Dalam perjalanan kegiatan Idul Khotmi bukan berarti tanpa tantangan dan hambatan. Dalam hal ini, KH Badri Mashduqi memiliki peran penting sehingga setiap kali terdapat kesulitan terhadap penyelenggaraan kegiatan Tarekat Tijaniyah dapat mudah teratasi, seperti yang terjadi peristiwa di Lumajang dan Probolinggo sehingga bupati siap hadir. Begitu pula ketika sekelompok masyarakat di Bangkalan mengusulkan kepada MUI agar melarang Tarekat Tijani, dalam hal ini KH Badri Mashduqi memberikan pengertian kepada Kiai Misbah (Ketua MUI Jatim) melalui kaset sehingga pelarangan itu tidak terjadi.
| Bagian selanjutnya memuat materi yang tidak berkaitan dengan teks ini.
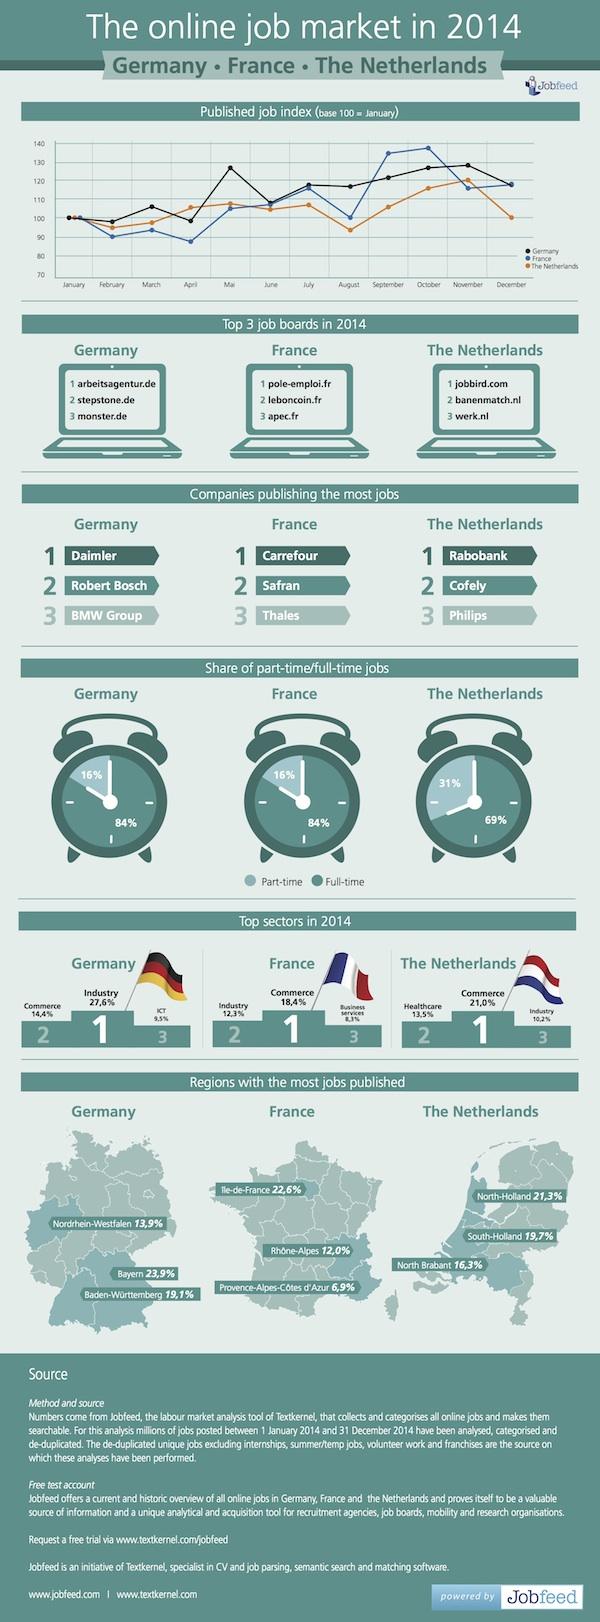 Infografik - Der online Arbeitsmarkt in 2014 - Deutschland, Frankreich und die Niederlande (klein)
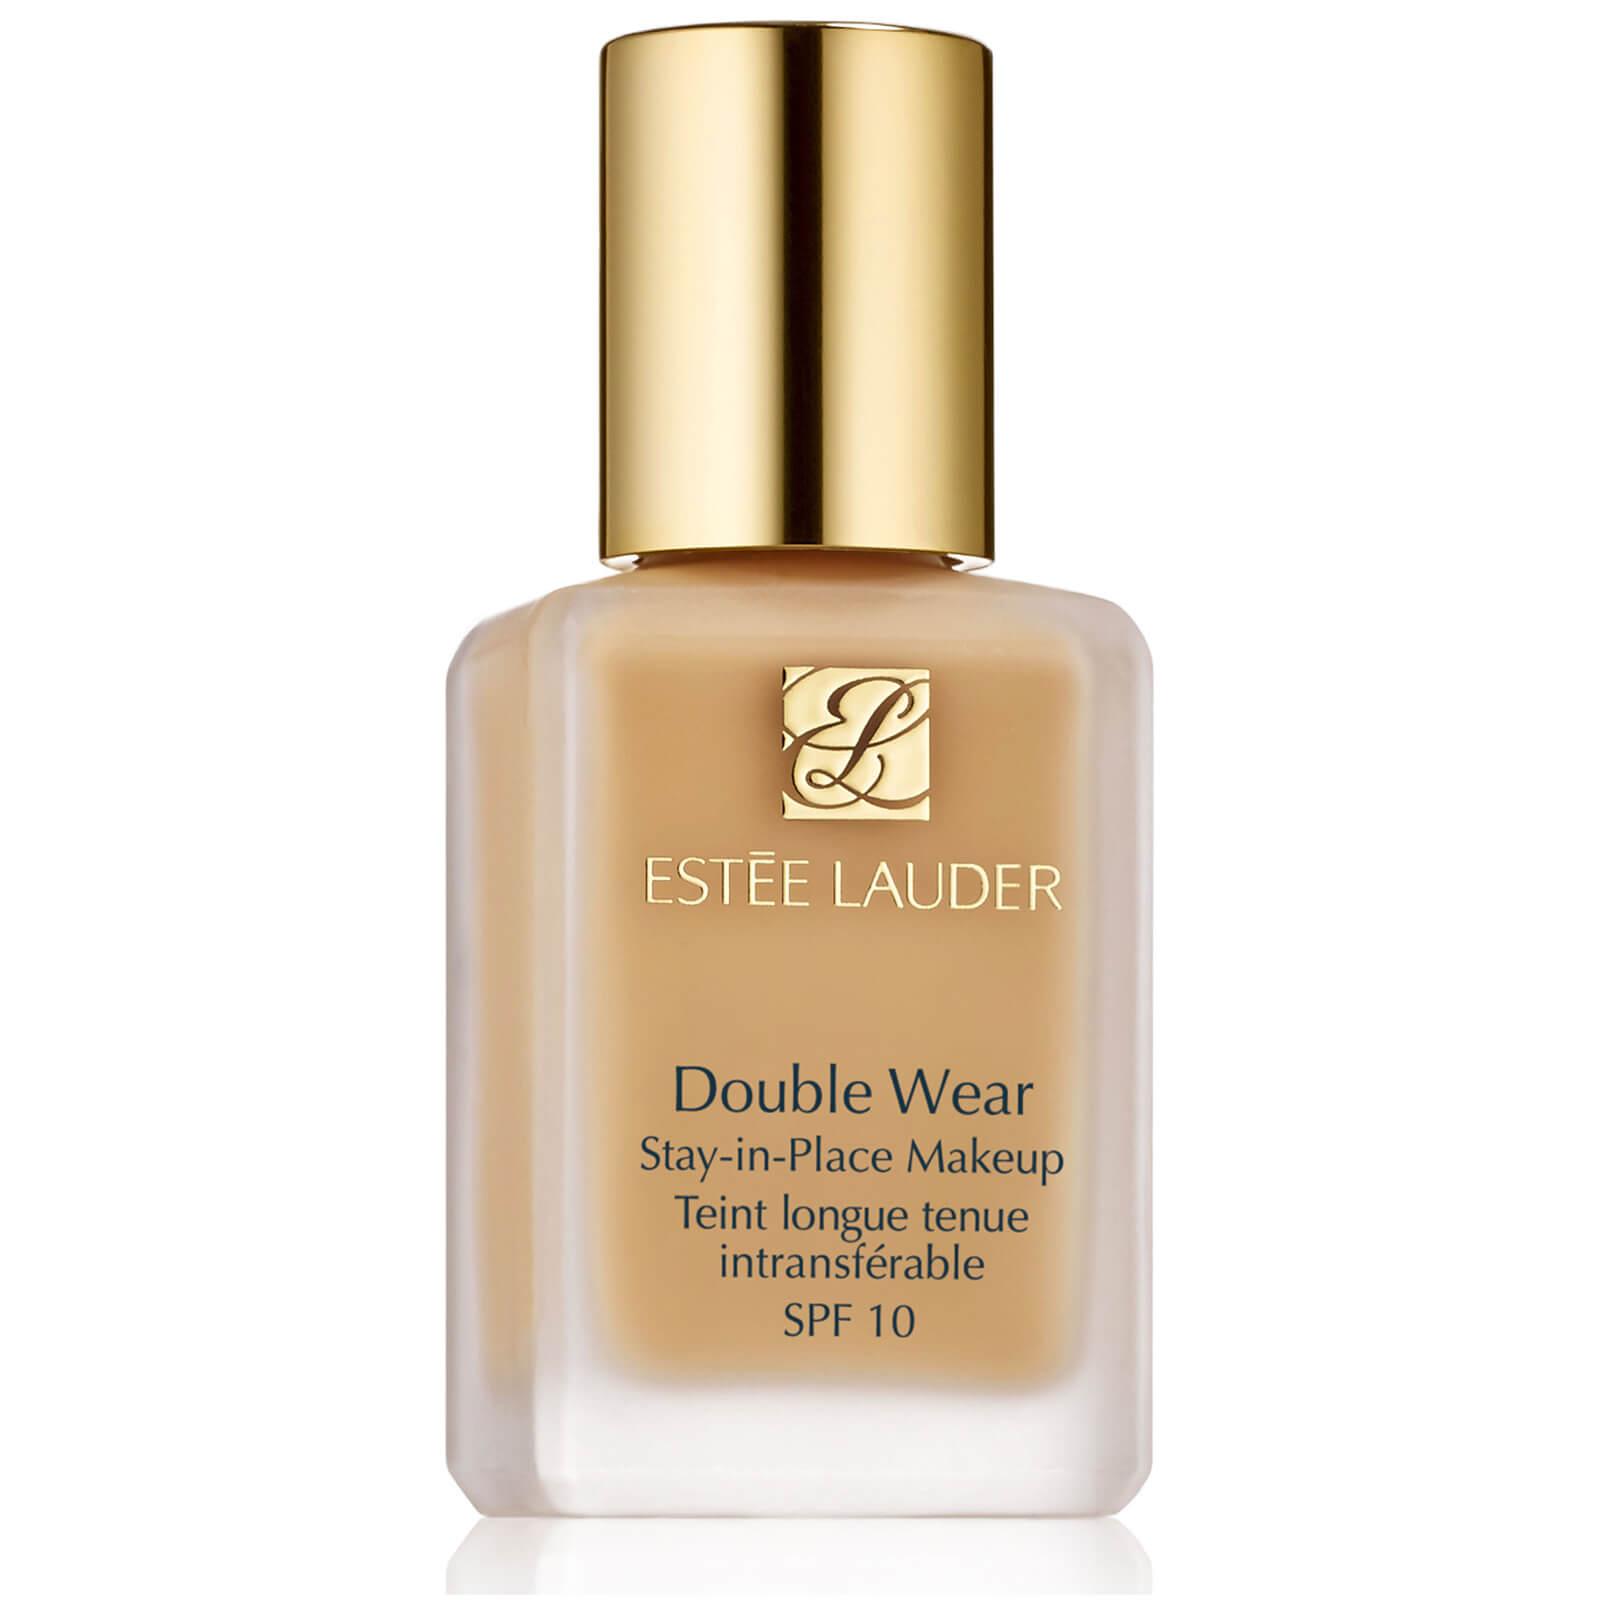 25% Off Estée Lauder w/code -  Estée Lauder Double Wear Foundation  Makeup 30ml £24.38 With Code @ Look Fantastic

Idul khotmi di Jakarta yang berlangsung pada tahun 1991 pun mendapatkan hambatan perizinannya, yang dalam hal ini, KH Badri Mashduqi berupaya untuk mengurangi hambatan-hambatan terhadap Tarekat Tijaniyah dengan cara mengambil hati (pendekatan) kepada pemerintah saat itu. Dari sinilah KH Badri Mashduqi memberikan pernyataan: "Kalau pemerintah berkata: Perkembangan Tarekat Tijaniyah jangan dihalang-halangi, itu pun merupakan sumbangan sumbangan paling besar, sehingga aparat-aparat di bawahnya tidak berani menghalangi dan merintangi."


Perkembangan pada tahun-tahun setelah itu, Idul Khotmi Tarekat Tijaniyah sudah semakin besar sehingga para pendahulu, khususnya sesepuh, muqaddam yang telah berjasa, dapat mengantarkan kegiatan baik regional maupun nasional lebih mudah diselenggarakan. Ditambah lagi karena para pengikutnya semakin besar sehingga masyarakat Indonesia lebih mudah mengenal tarekat dan ikut berbaiat dalam Tarekat Tijaniyah.